Nos dirán que octubre de 1917 (es sabido que en Rusia regía un
calendario con 13 días de diferencia respecto del mayoritario en
Occidente, luego adoptado) fue colosal. Lógico: no hay forma de
negarlo. Pero también nos dirán –con mayor o menor sutileza
o vulgaridad– que las nuevas generaciones deben contemplar a la
Revolución Rusa con la misma mirada que hoy tenemos respecto de otros
hechos históricos como las campañas de Julio César, las victorias
de Napoleón o las Guerras del Peloponeso: sucesos extraordinarios,
sin duda... pero que ya no pertenecen a nuestra realidad.
Epopeyas admirables, pero que son puro pasado, sin la menor
relevancia presente ni mucho menos algún germen para el futuro.
Por
el contrario, el sentido de nuestra reivindicación de la Revolución
Rusa va mucho más allá de la evocación. Intentaremos demostrar que,
en tanto fue verdaderamente el hecho más grande la historia humana,
no es una pieza de museo cubierta por el polvo de las décadas –y a
la que cada tanto se le pasa el plumero para su exhibición ritual en
los canales de cable–, sino que sigue siendo un acontecimiento de
extraordinaria actualidad.
Porque
su voz no se ha acallado. Su fuerza no ha desaparecido. Sus lecciones
aún se hacen carne y sangre, historia viva, en las luchas políticas,
ideológicas y sociales del siglo XXI. Que no nos quieran engañar los
mayores enemigos de la Revolución Rusa, el capitalismo y los que le
cantan su alabanza por dinero: el fuego de la Revolución Rusa
todavía quema. Y de ninguna manera se puede descartar que el
siglo XXI que estamos comenzando a recorrer no anuncie la aurora de
nuevas experiencias revolucionarias auténticamente socialistas.
1917:
La clase obrera al poder
La
Revolución Rusa, como muchos han reconocido, no es una
revolución entre tantas, pero que tuvo lugar en Rusia. Es la
revolución, incluso por encima de la revolución francesa de 1789.

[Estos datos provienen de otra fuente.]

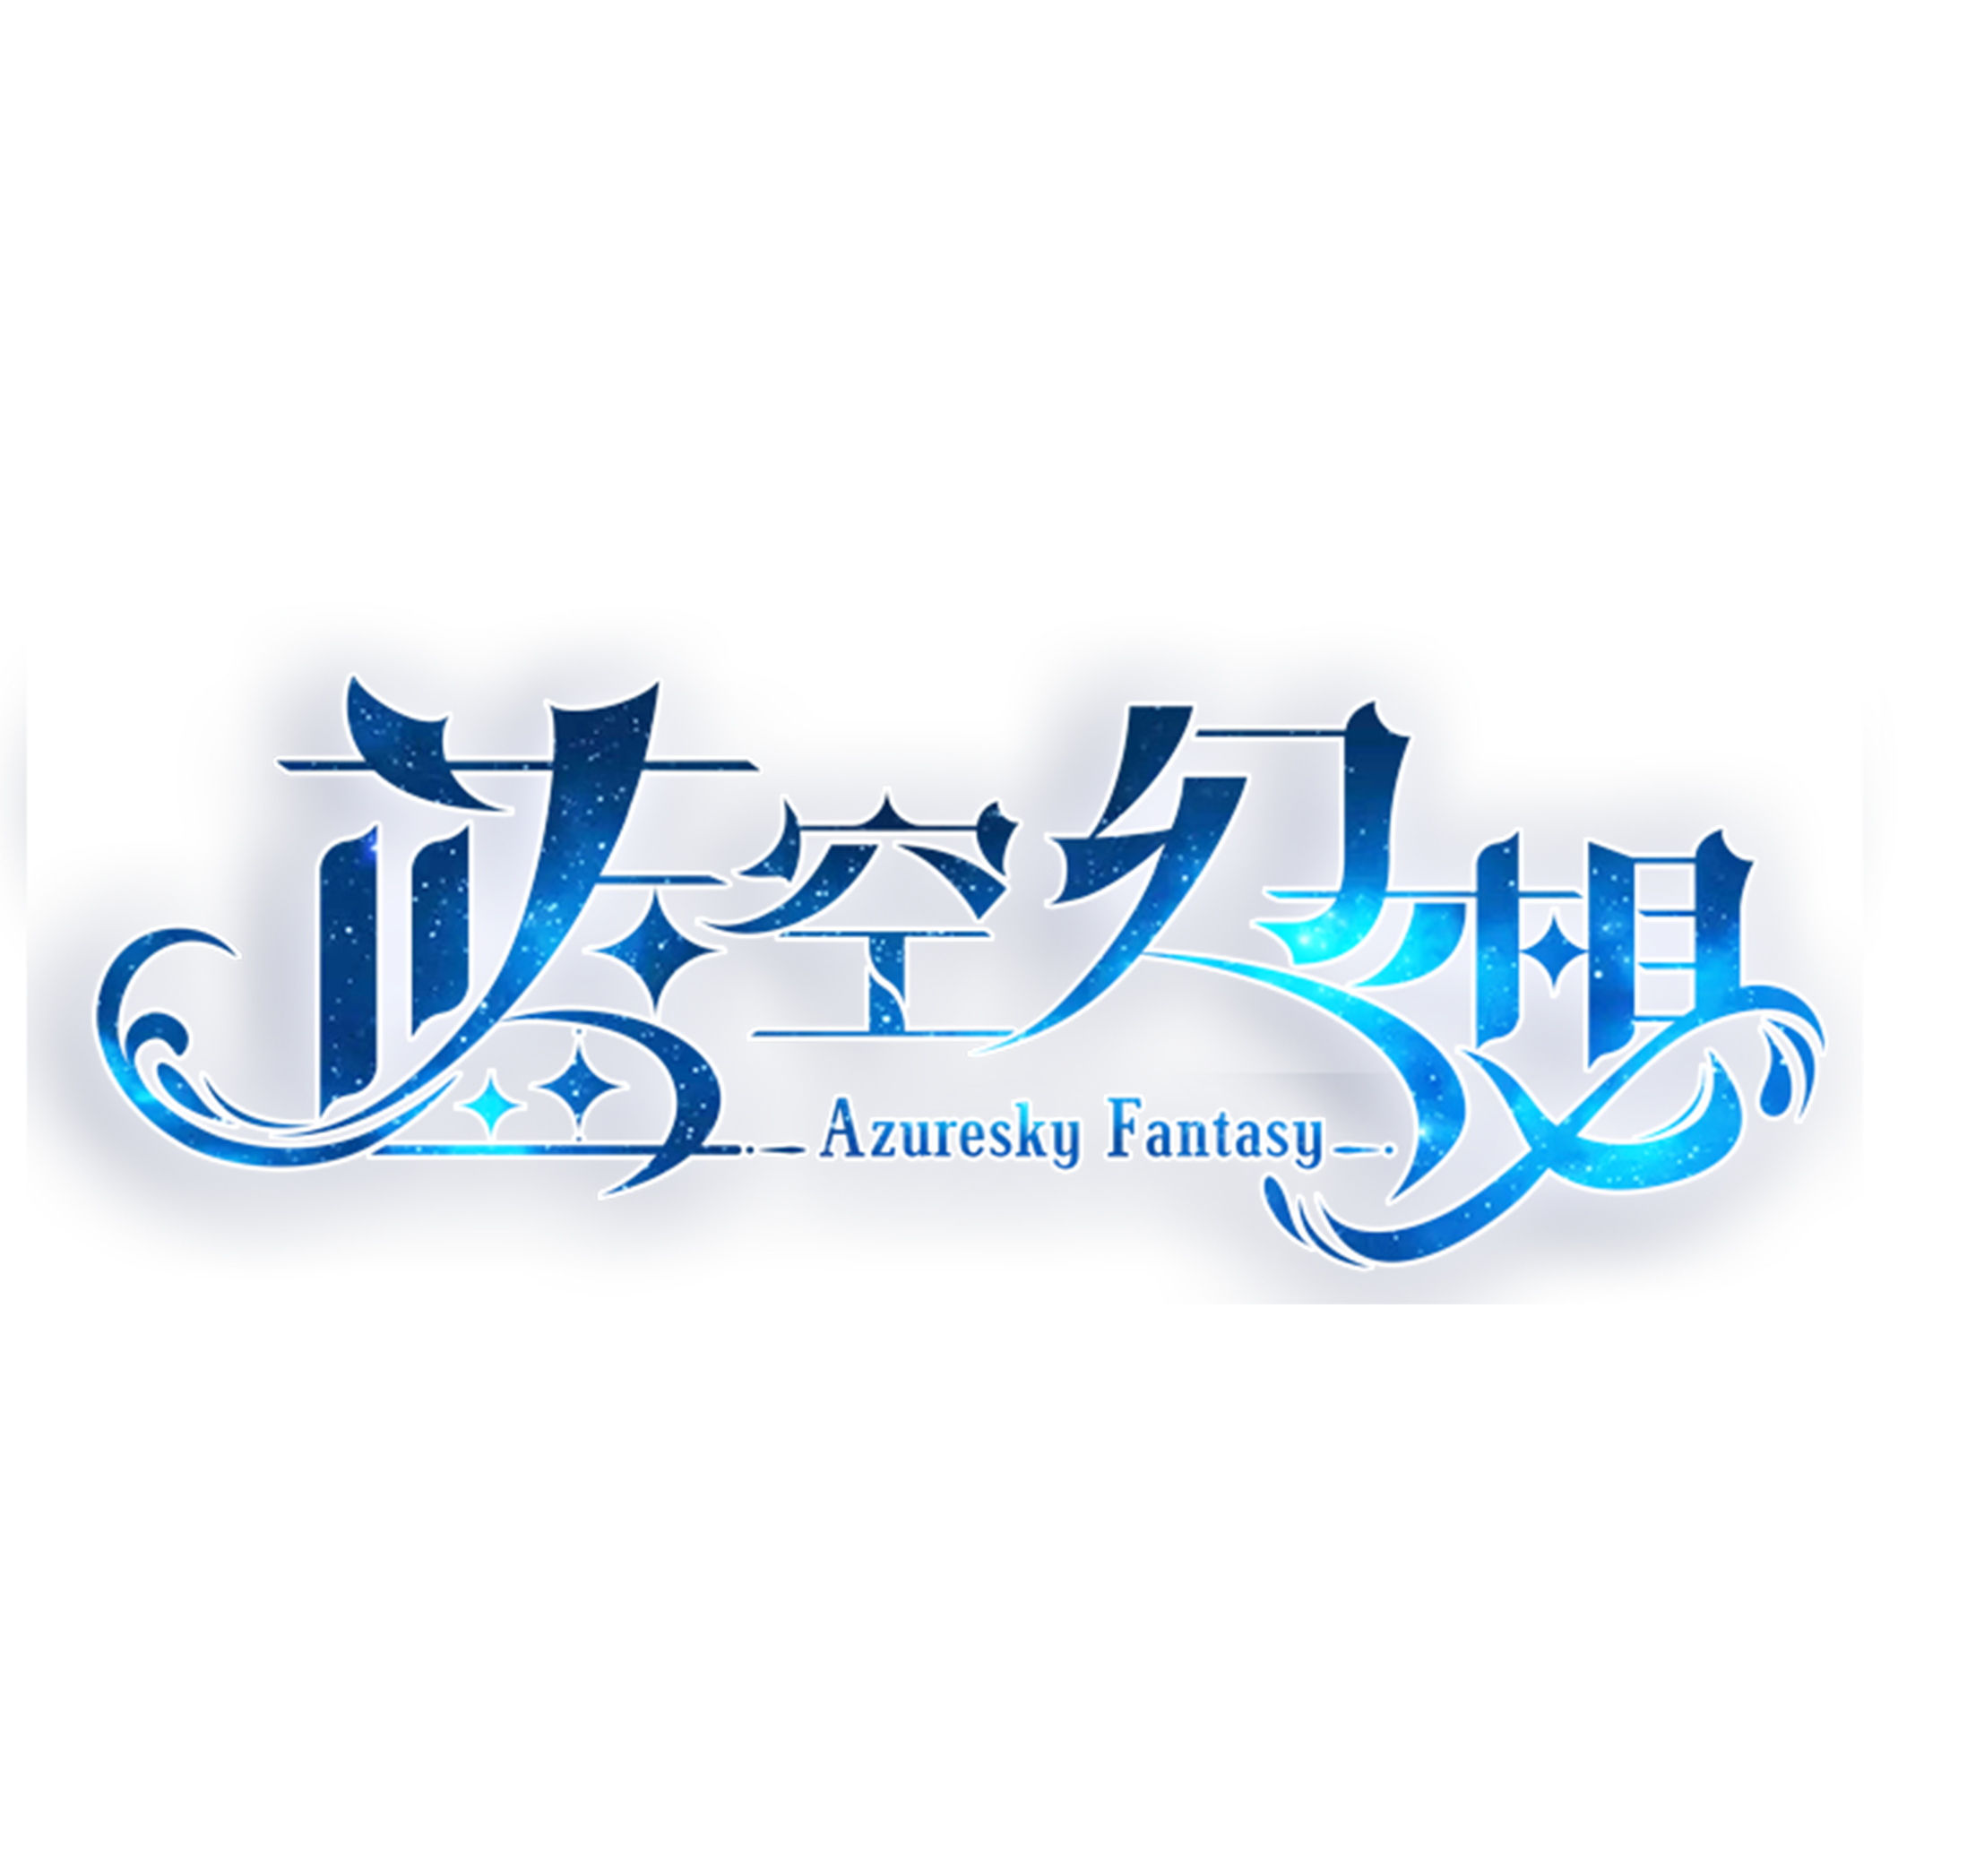 game_logo
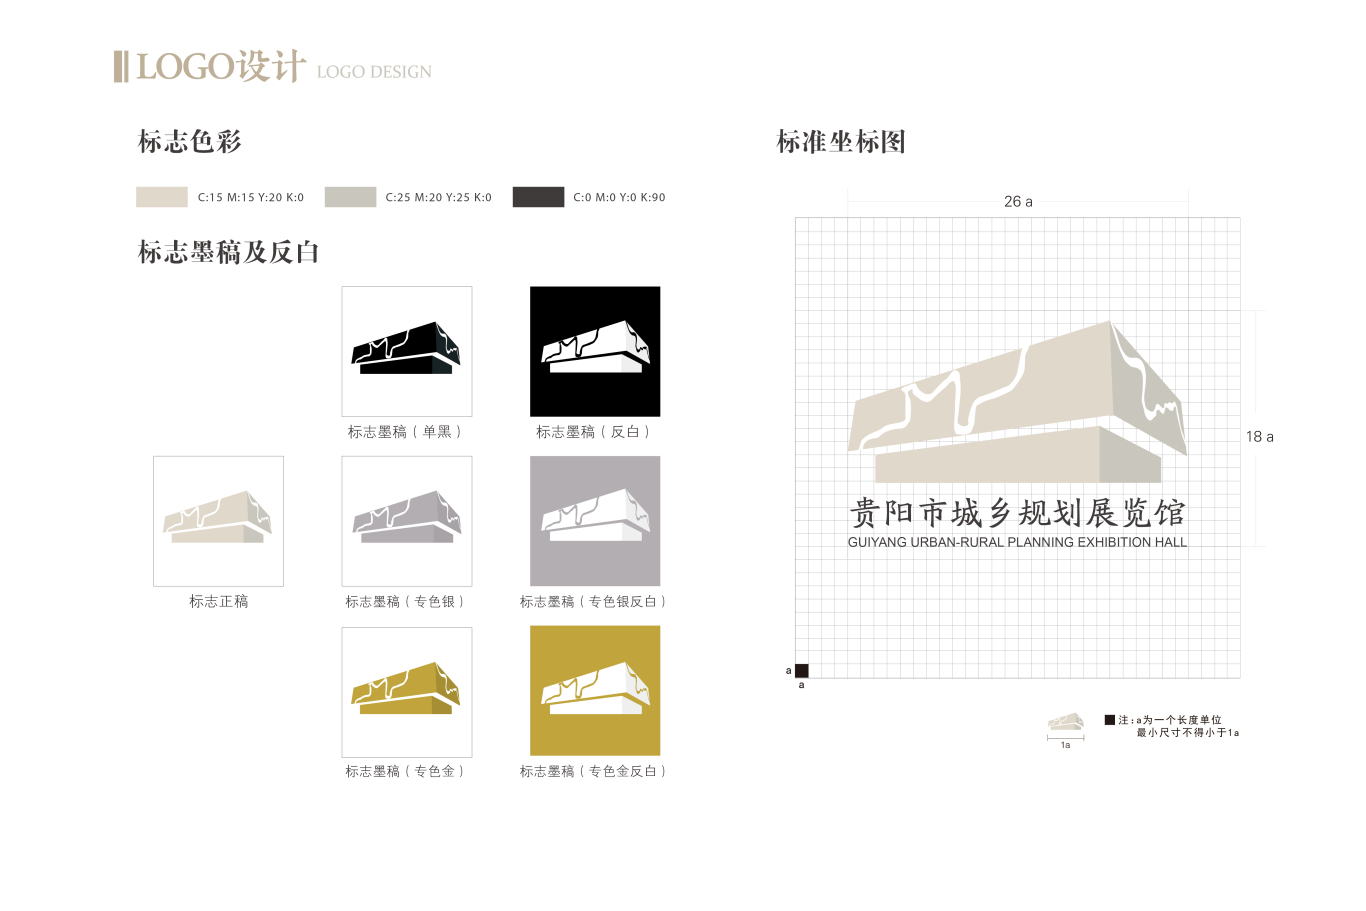 贵阳市城乡规划展览馆logo设计及VI系统应用图1

Hay razones profundas para que esto sea así. Si bien la revolución
francesa fue una de las primeras que mostró de manera espectacular cómo
la intervención de amplias masas populares podía cambiar el curso de
la historia y desplazar a la anterior clase dominante, la Revolución
Rusa la supera en un punto esencial, que es el de quién llega al
poder; como decía Rosa Luxemburgo, la rusa fue la primera revolución
hecha por las grandes mayorías en beneficio de estas mismas mayorías.
En
efecto, tanto la revolución francesa como la inglesa del siglo XVII y
la lucha de EE.UU. por la independencia tuvieron en común que
desplazaron a una clase privilegiada pero sólo para poner en su lugar
a otra clase privilegiada. En cambio, la Revolución Rusa fue
la primera experiencia a nivel de un país entero –a
diferencia de la breve, pero heroica, Comuna de París en 1871– en
la que las clases privilegiadas fueron desalojadas violentamente del
poder, que pasó a ser ocupado por las clases históricamente
oprimidas y explotadas, encabezadas por la clase obrera.
Esto
no es un slogan, ni una fábula, ni un mito ideológico. Cualquier
historiador serio del período y cualquier testigo presencial de los
acontecimientos revolucionarios –empezando por uno de sus más
inspirados y agudos observadores, el periodista estadounidense John
Reed– puede dar fe de que el poder político no pasó, en octubre de
1917, a manos de un oscuro grupo de conspiradores maquiavélicos (¡ésa
sí fue la fábula que los países imperialistas intentaron
propagar!), sino de los obreros, campesinos y soldados sobre la
base de los organismos de poder que ellos mismos, con sus propias
manos, construyeron; a la clase trabajadora verdaderamente organizada
como clase dominante. Es decir, una revolución socialista en el
sentido más auténtico del término.
Por
supuesto, las revoluciones no suelen hacerse solas, y mucho menos una
revolución socialista, que requiere de quienes la llevan a cabo un
nivel de conciencia y organización de sus actos mucho mayor que
el de otro tipo de revoluciones (algo que luego desarrollaremos). Por
esto mismo, tanto en los objetivos políticos más generales como en
los detalles prácticos de la insurrección existió una influencia
decisiva del partido bolchevique. Desde el punto de vista
“institucional”, el núcleo del poder recayó sobre el partido de
Lenin y Trotsky. Pero deducir de esto que la revolución fue obra de
un puñado de agitadores clandestinos que luego aprovecharon la
situación para dar rienda suelta a su poder personal o de grupo
(mitología en su momento propagada por corrientes reformistas como la
socialdemocracia alemana y el menchevismo ruso) es algo más que
tragarse las mentiras de los enemigos de la revolución: es negar los
hechos.
Porque
la Revolución Rusa elevó de manera efectiva, real, a las clases
oprimidas al poder político, a tomar en sus manos el manejo de
los asuntos de la sociedad. Y más allá de todos los problemas y
las contradicciones –algunas, de tremendas consecuencias, como
veremos luego–, lo que ningún testigo honesto de la revolución en
sus primeros años pudo dejar de admitir, es que significó un cambio
social tremendo y una verdadera liberación para millones de
personas del yugo de sometimiento al que estaban atadas.
Por
esto mismo, la revolución no fue un simple cambio de elenco político
gobernante: fue la sacudida social más poderosa de la historia.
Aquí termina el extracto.